Fear of genetic results falls pretty much into two categories.  We’ll call these the Ostriches and the Eagles.

My brother was an Ostrich.  Yep, he was, head right in the sand.  He had cancer, his wife had cancer, twice, his daughter, in her 30s, had cancer, yet their decision when offered free DNA testing was to decline – because they didn’t want to know.  Fear of the information itself, fear of knowing, perhaps spurred because of a sense of fate – nothing we can do about it so why know about it.  He also refused to discuss it, so I really can’t tell you why, and he died, of cancer, last year, so that opportunity is past.  Personally, I think knowing about a genetic proclivity would equate to more vigilant monitoring.  And knowing the proclivity didn’t exist would set one’s mind at ease.  I would think you would be a winner either way, but my thinking and his were obviously quite different.

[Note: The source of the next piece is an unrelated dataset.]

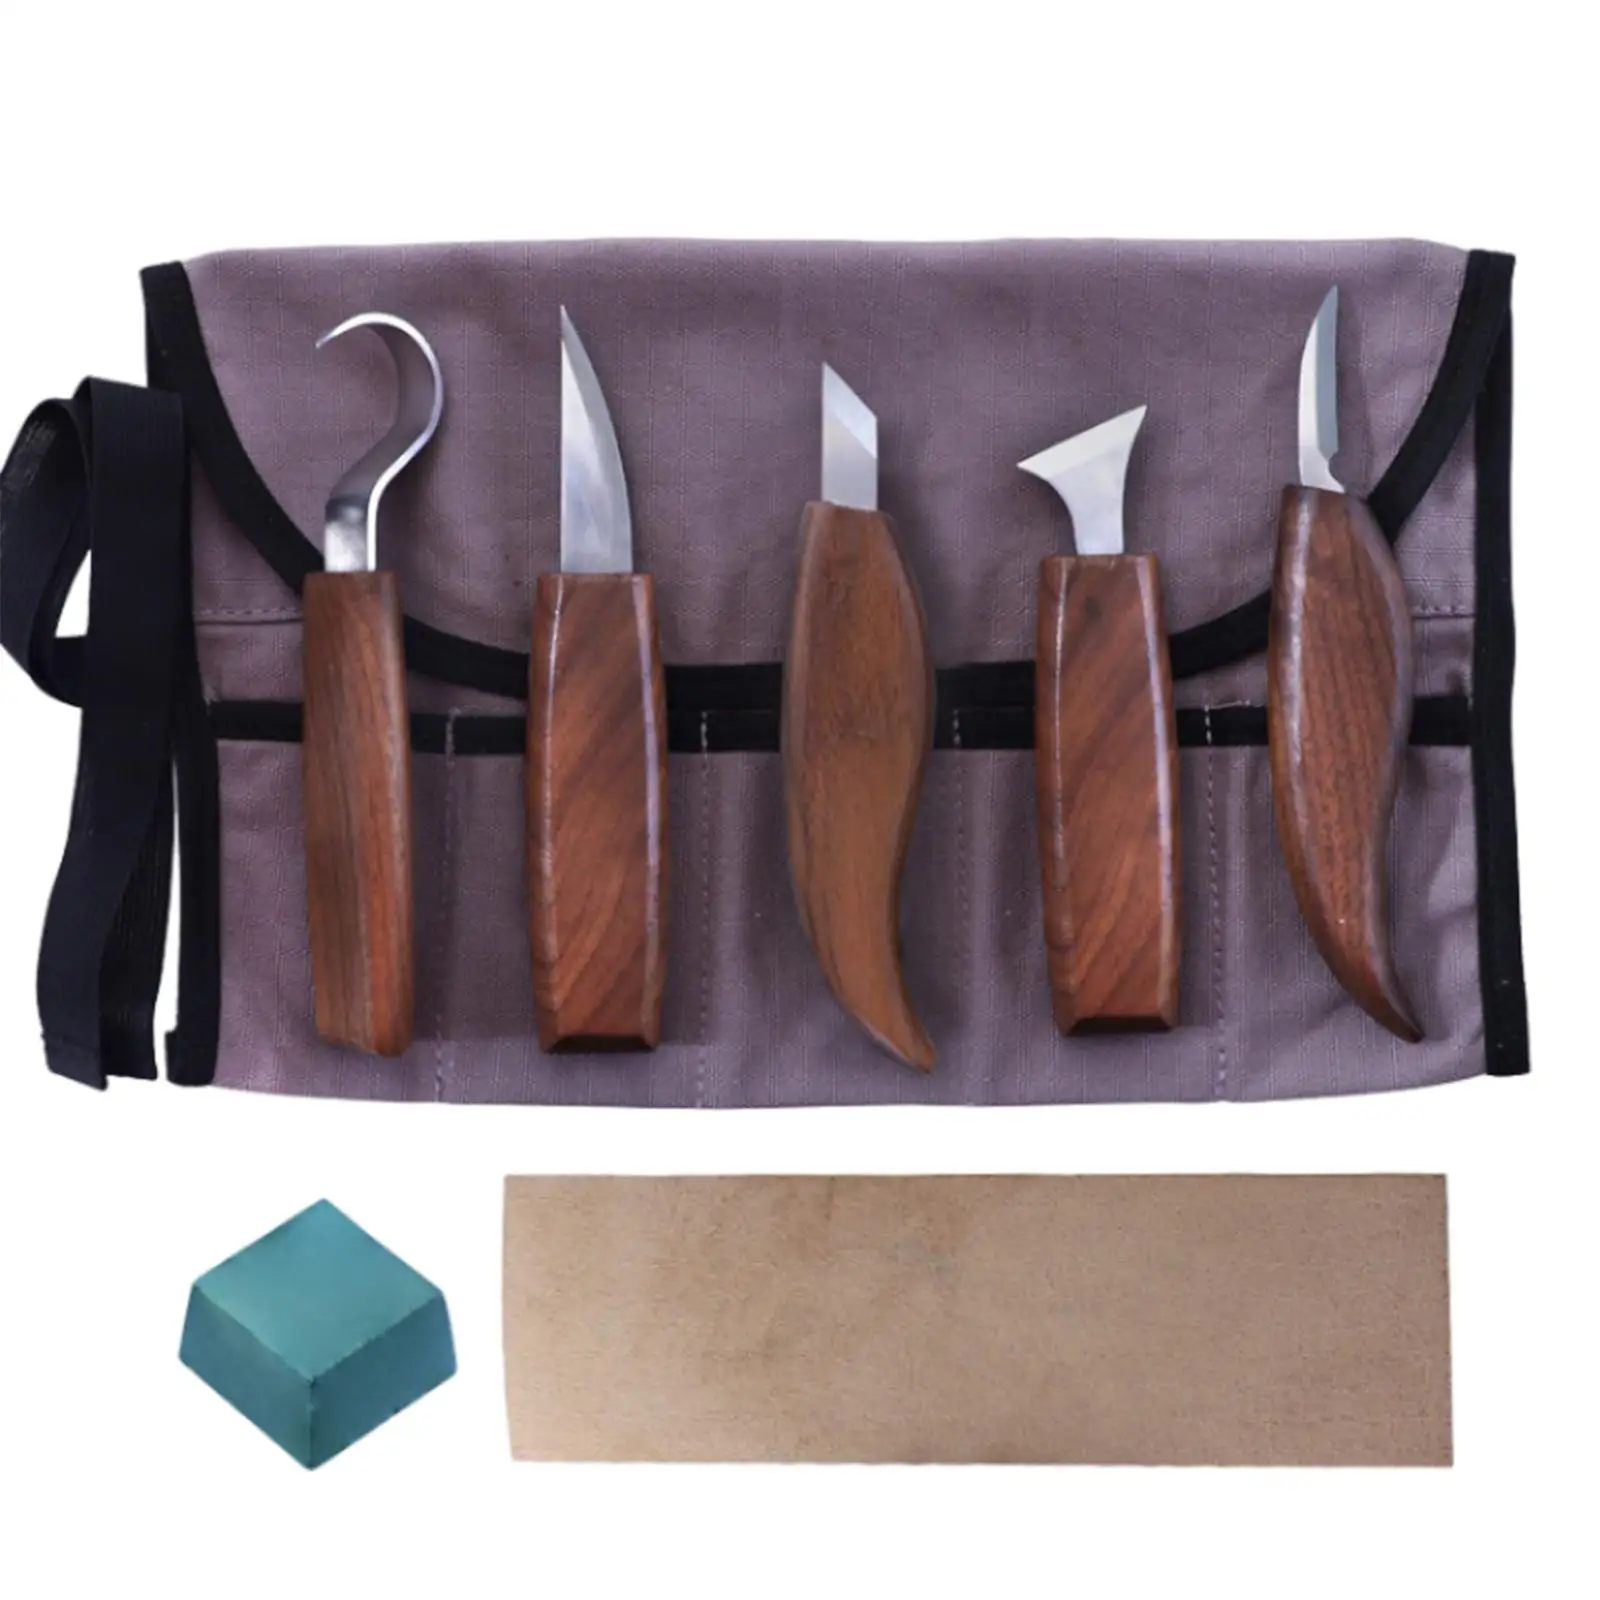 8Pcs Wood Carving Kits Wear Resistant Flat Handle Durable Beginners Whittling Kits for Paper Carving Handmade Wood Carving

The other group are the Eagles.  They are vigilant and acutely aware of the fact that health based discrimination does exist.  It has been worse in the past than it is now.  This is the reason I had to think long and hard about taking any of my results to my physician.  Once in your medical record, it’s permanent.

Today, GINA, the Genetics Information Nondiscrimination Act, goes a long way to protecting people, especially in an employment situation, but it does not cover everything.

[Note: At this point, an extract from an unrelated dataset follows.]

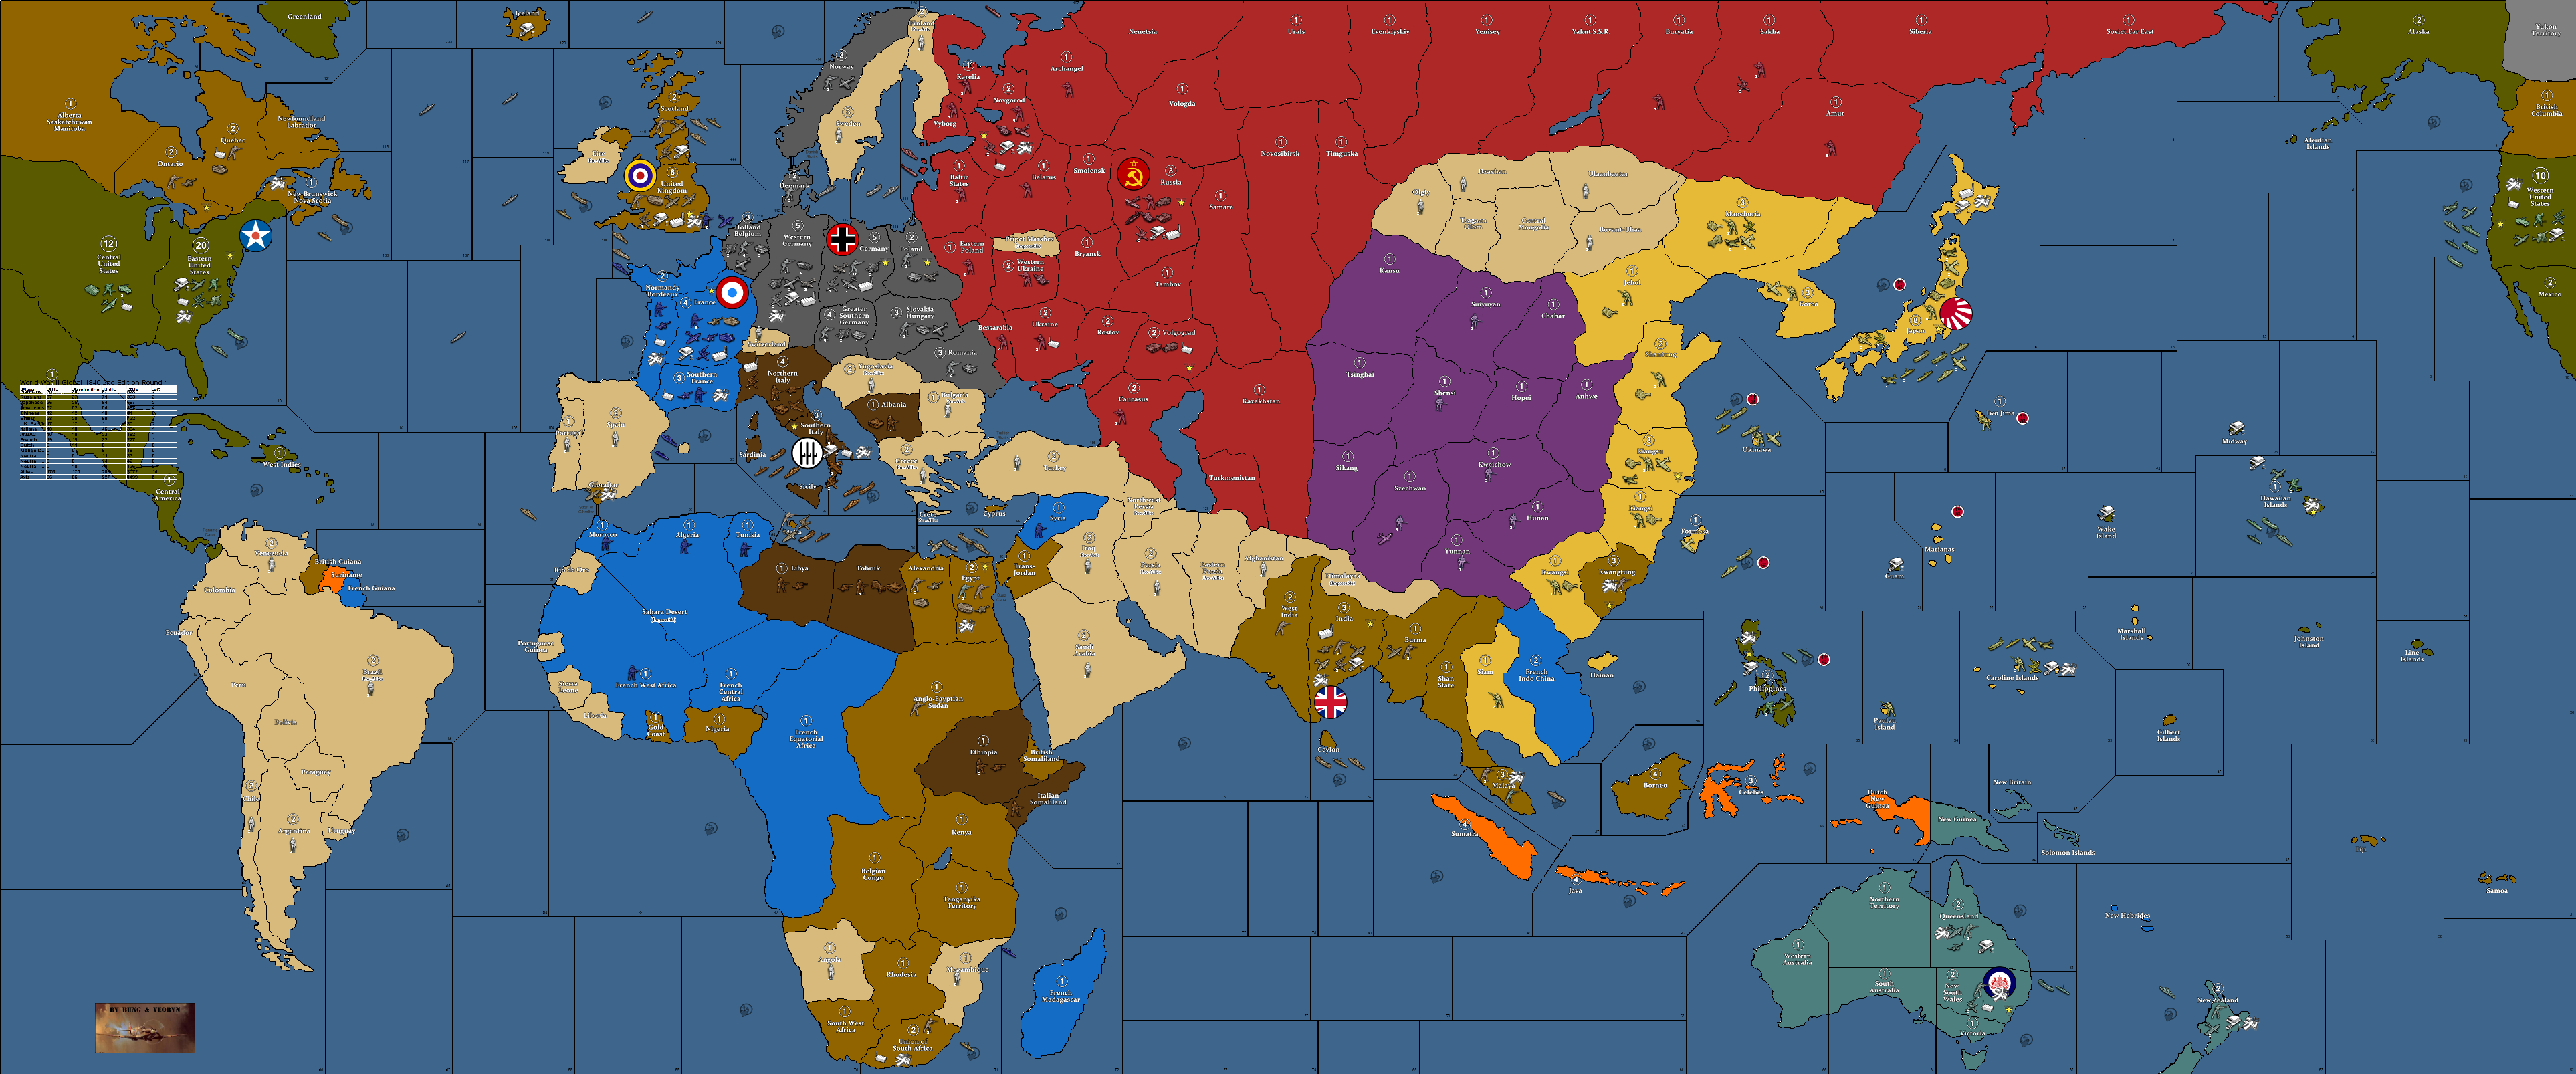 axis and allies global strategy

Anyone who has ever tried to obtain health care insurance individually or through a small business knows all too painfully about pre-existing condition exclusions.  Well, the good news is that ObamaCare, love it or hate it, levels that playing field for the “rest of us,” those who either were denied or had to make life and employment decisions based on whether or not they had insurance coverage through a group where discrimination related to pre-existing conditions didn’t exist.

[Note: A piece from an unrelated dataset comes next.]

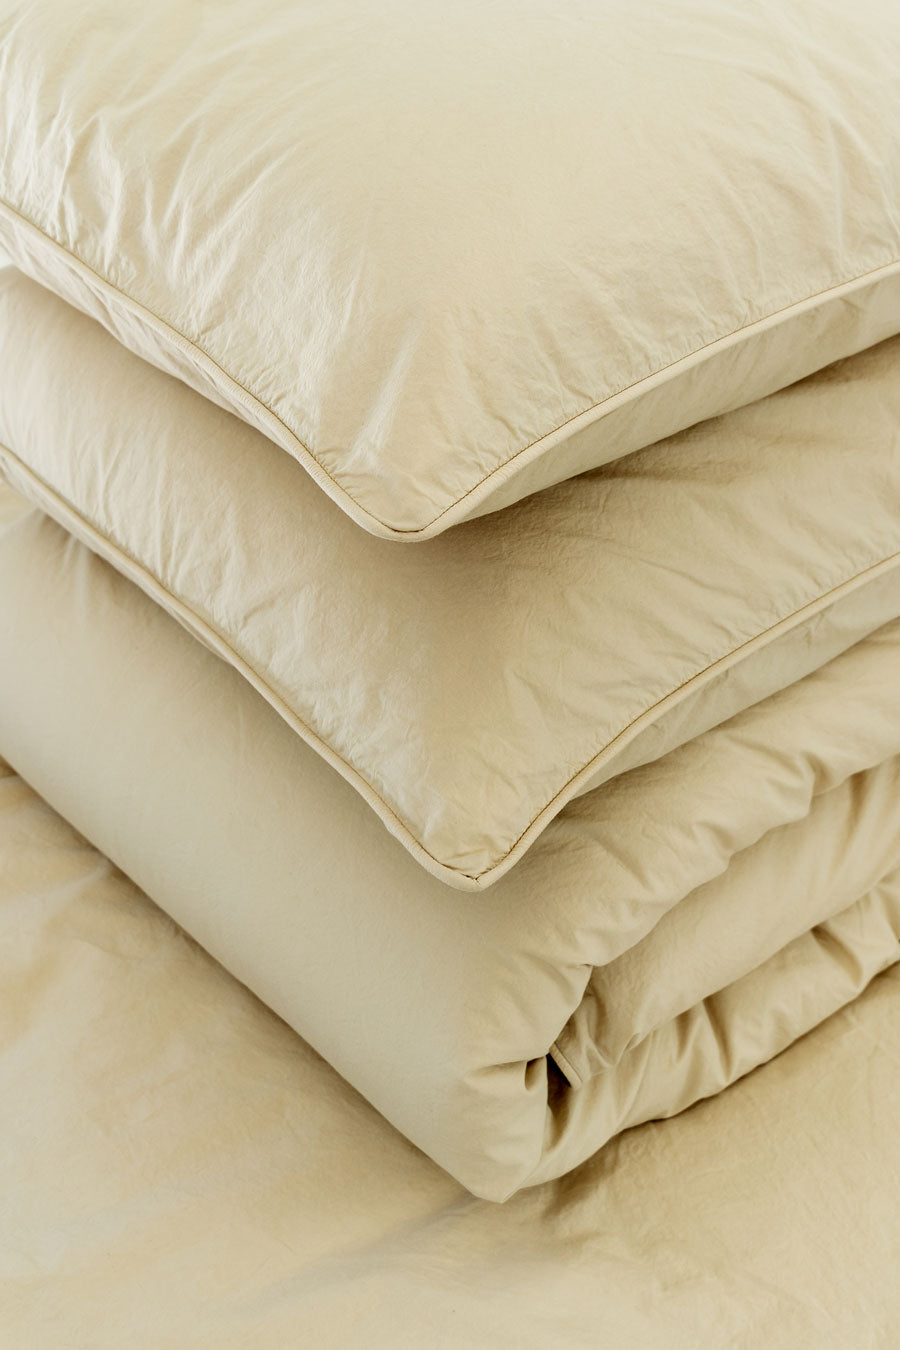 Organic Cotton Percale duvet cover set with a beige duvet cover and two beige pillowcases.

The other good news is that you don’t have to take any of your DNA test results to your doctor.  It’s entirely up to you.  You can test anonymously, using an alias, if you’re really paranoid.  Your results through personal genetic testing are yours and for no one else to see unless you disclose them.

Lastly, let’s talk realistically about the types of insurance that still discriminate – which would be life insurance, extended care insurance, etc.  They are in the business of odds-making.  They are betting you will live and you are betting you will die sooner than later.  As you age, the odds shift, cause let’s face it, eventually, you will die – and they will have to pay out.  Now the only way they can make money is if you pay more premiums during your life than they have to pay out in the end, or they make the premiums so expensive you stop paying, letting the policy lapse, before you die, so they never have to pay.  Of course, if they think the odds are stacked too far in your favor, they simply won’t insure you.  So, if you or your family members have Huntington’s Disease, you’re not likely to be able to get life insurance outside of a group policy, with or without a genetic test.  In fact, there is a questionnaire about your family history when you apply for individual life insurance.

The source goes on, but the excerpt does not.